⟨

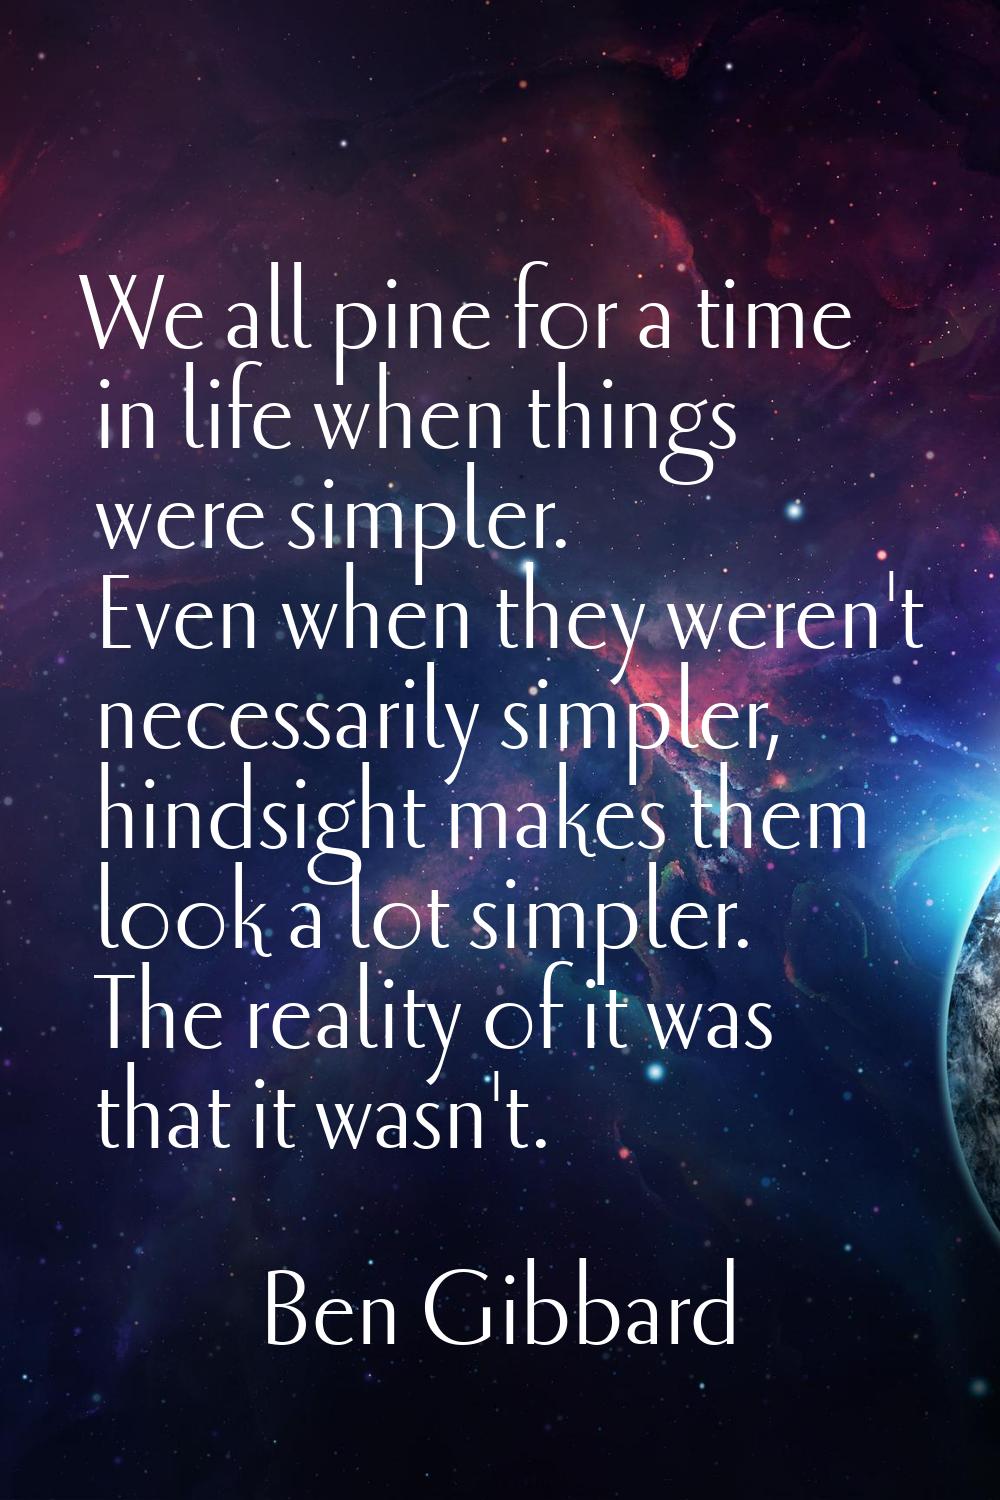 We all pine for a time in life when things were simpler. Even when they weren't necessarily simpler
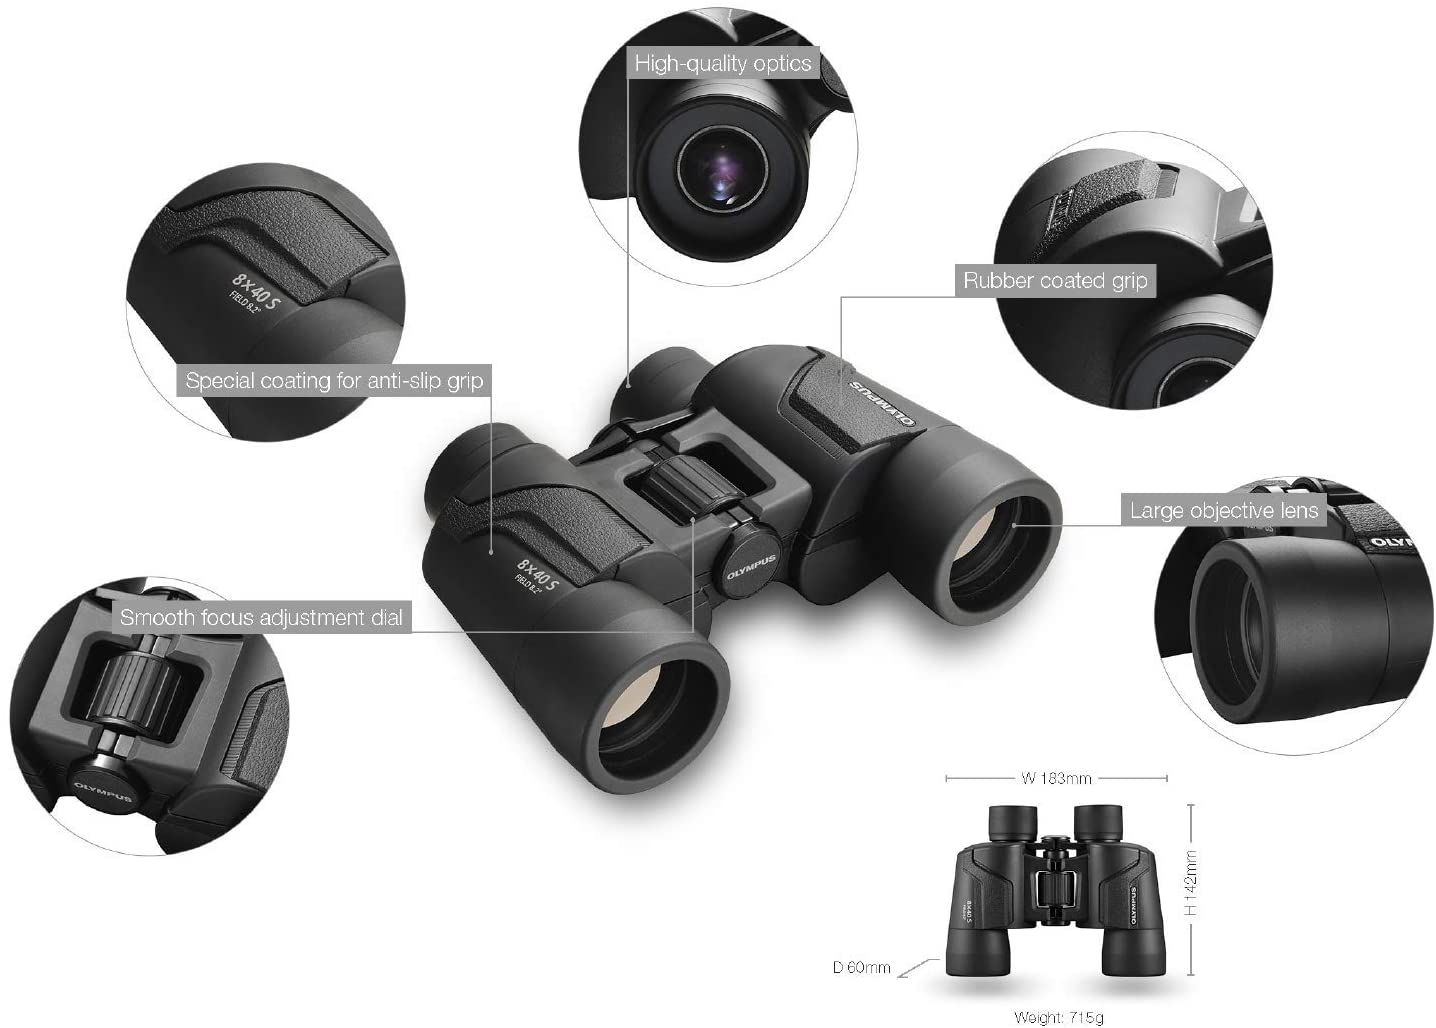 Clearance Olympus Binocular 8x40 S - Ideal for Nature Observation, Wildlife, Birdwatching
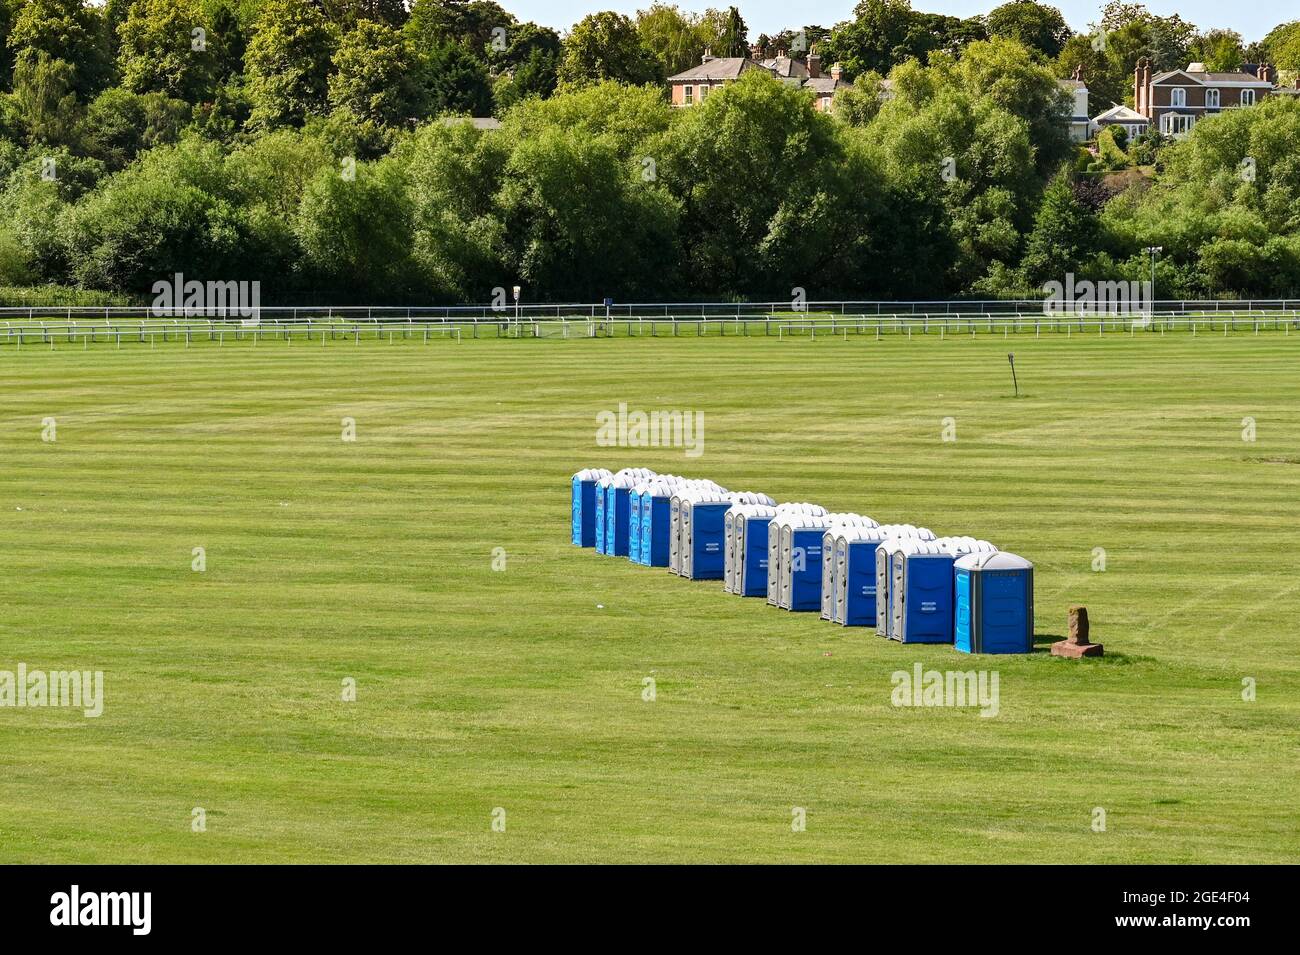 Chester, Cheshire, England - July 2021: Row of portable toilets on the racecourse in preparation for an event Stock Photo

⟩

# [TASK DETAILS]
Leave every picture out, and reproduce exactly the lines from the line bearing "Clearance Olympus Binocular" through the closing line of the material above.

# [ANSWER TO THIS PROBLEM]
 Clearance Olympus Binocular 8x40 S - Ideal for Nature Observation, Wildlife, Birdwatching
 Chester, Cheshire, England - July 2021: Row of portable toilets on the racecourse in preparation for an event Stock Photo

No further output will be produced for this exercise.